A strict report, worthy of sympathy.

A violent surfacing of adolescence (which has little in common with Tarkington's earlier, broadly comic, Seventeen) has a compulsive impact.

"Nobody big except me" is the dream world of Holden Caulfield and his first person story is down to the basic, drab English of the pre-collegiate. For Holden is now being bounced from fancy prep, and, after a vicious evening with hall- and roommates, heads for New York to try to keep his latest failure from his parents.
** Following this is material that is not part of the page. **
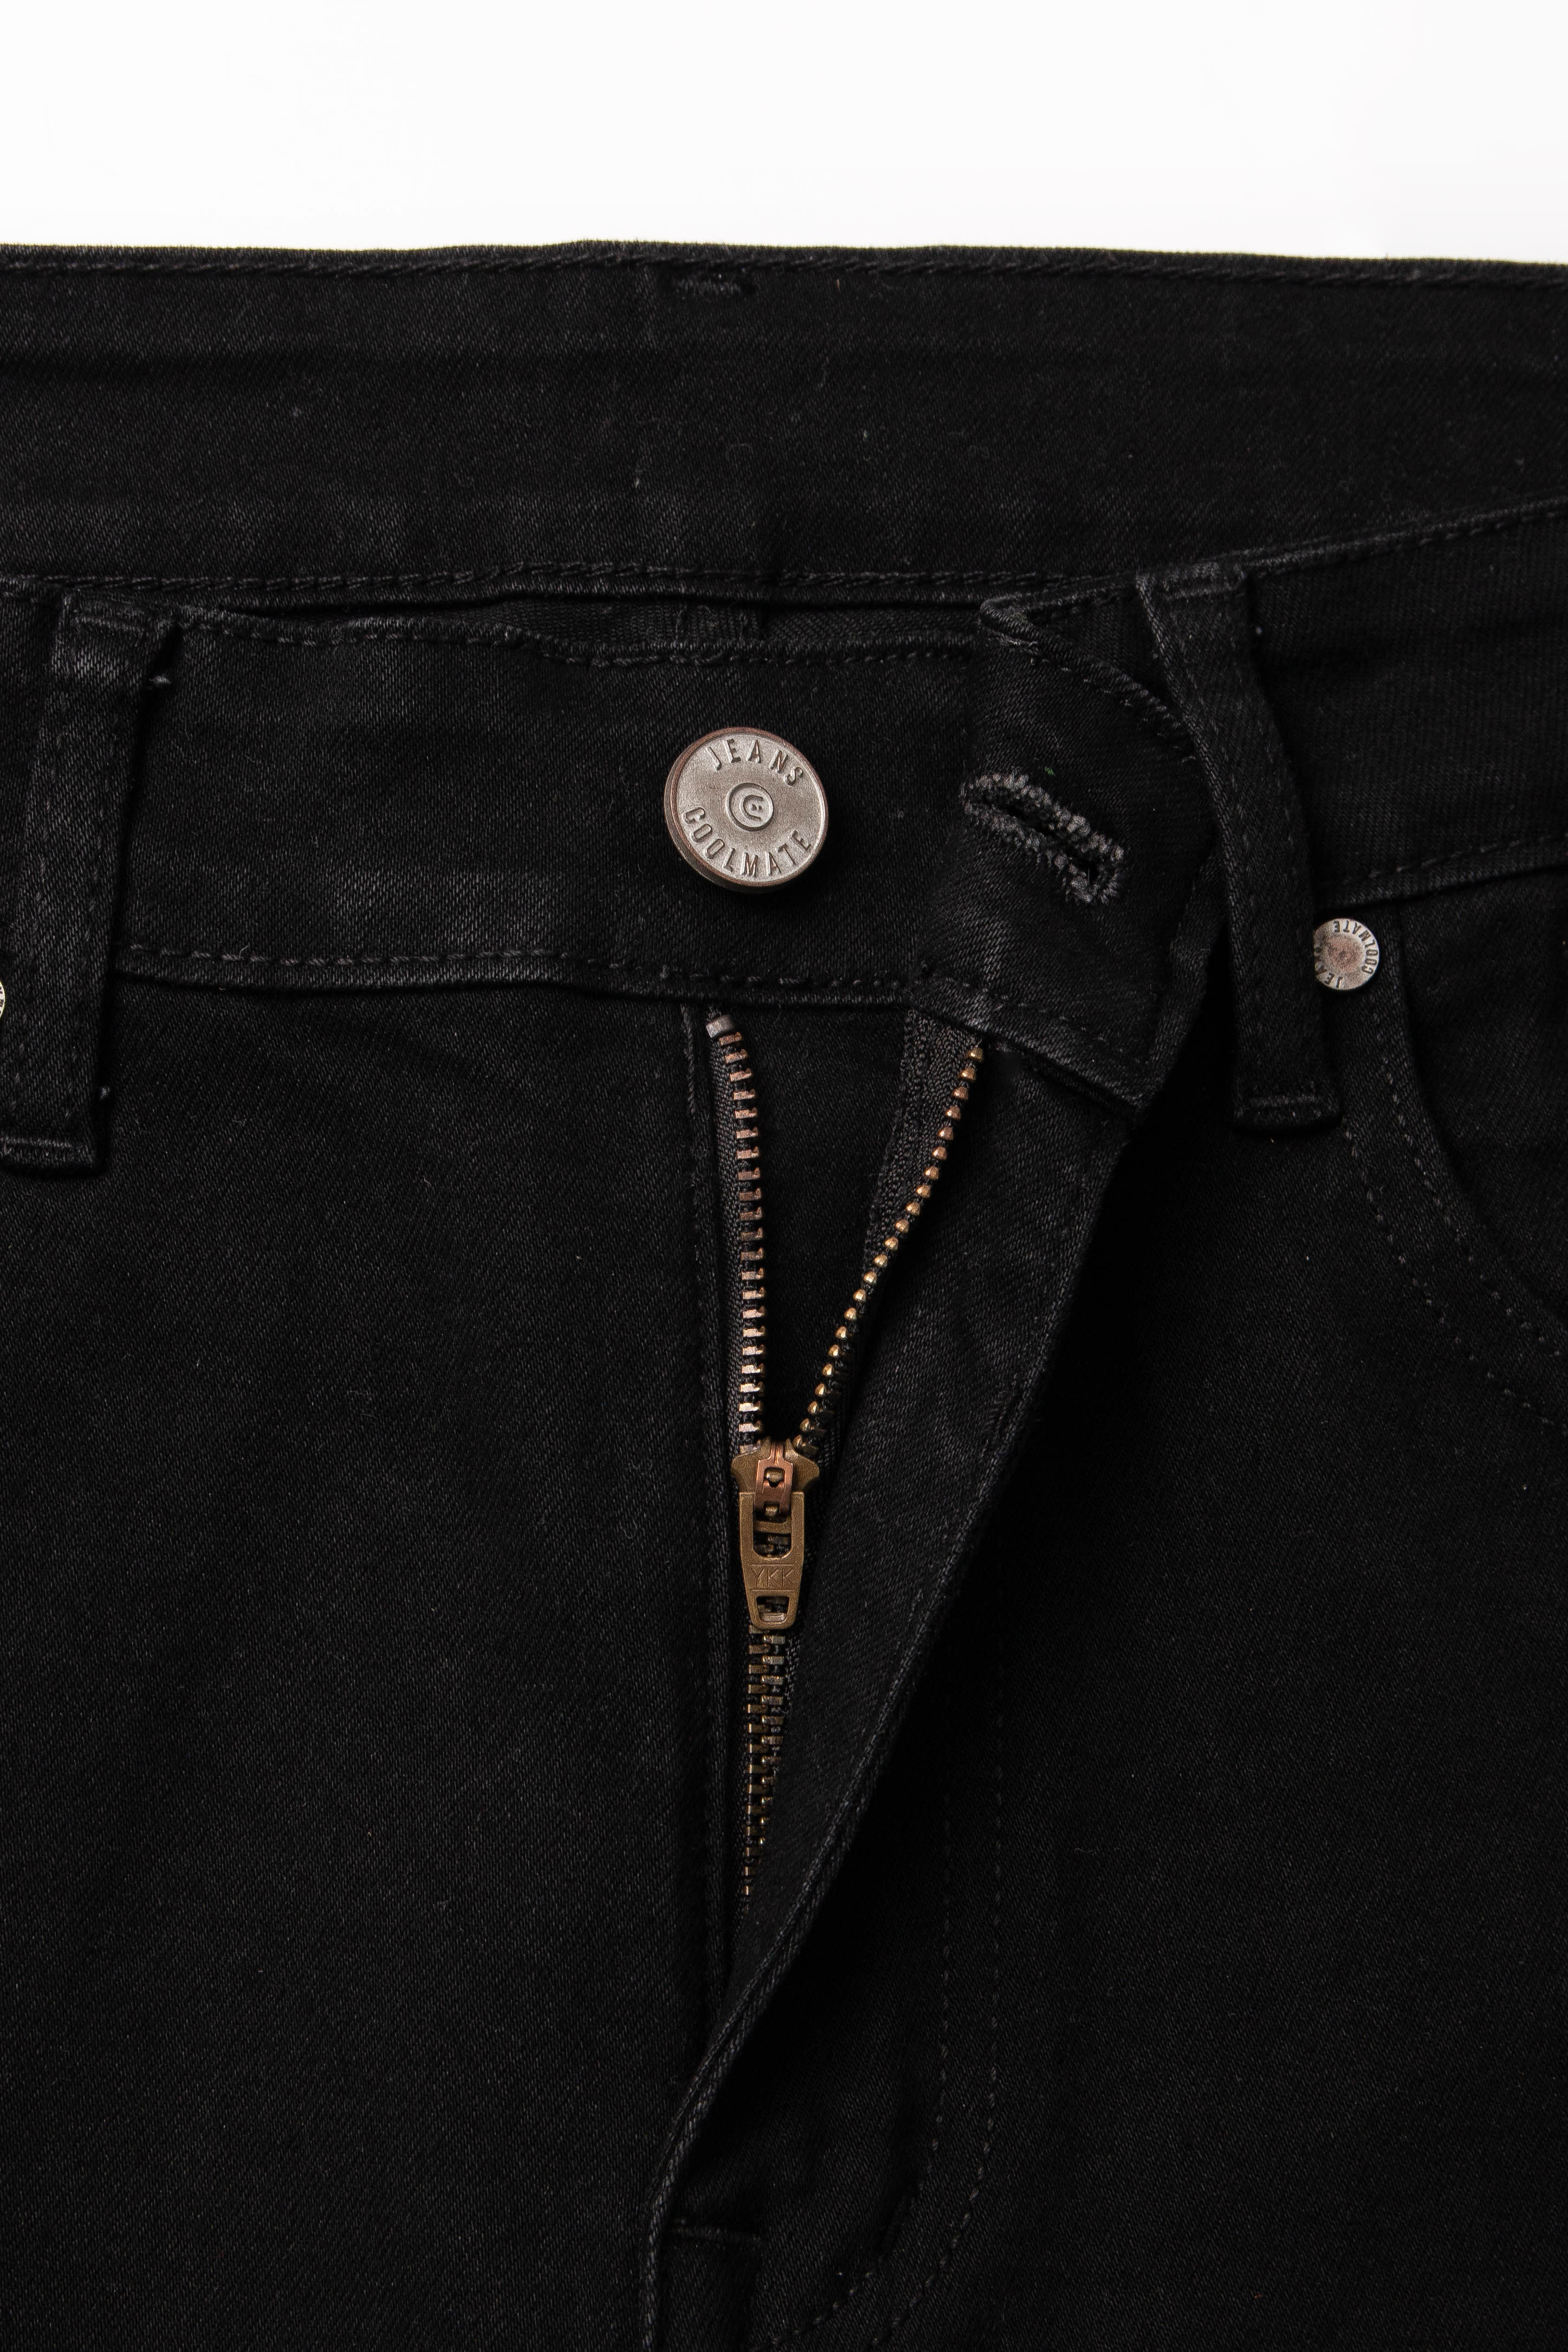 OUTLET - Quần Jeans Basic Slim V2 Đen 5

He tries to have a wild evening (all he does is pay the check), is terrorized by the hotel elevator man and his on-call whore, has a date with a girl he likes—and hates, sees his 10 year old sister, Phoebe. He also visits a sympathetic English teacher after trying on a drunken session, and when he keeps his date with Phoebe, who turns up with her suitcase to join him on his flight, he heads home to a hospital siege. This is tender and true, and impossible, in its picture of the old hells of young boys, the lonesomeness and tentative attempts to be mature and secure, the awful block between youth and being grown-up, the fright and sickness that humans and their behavior cause the challenging, the dramatization of the big bang. It is a sorry little worm's view of the off-beat of adult pressure, of contemporary strictures and conformity, of sentiment….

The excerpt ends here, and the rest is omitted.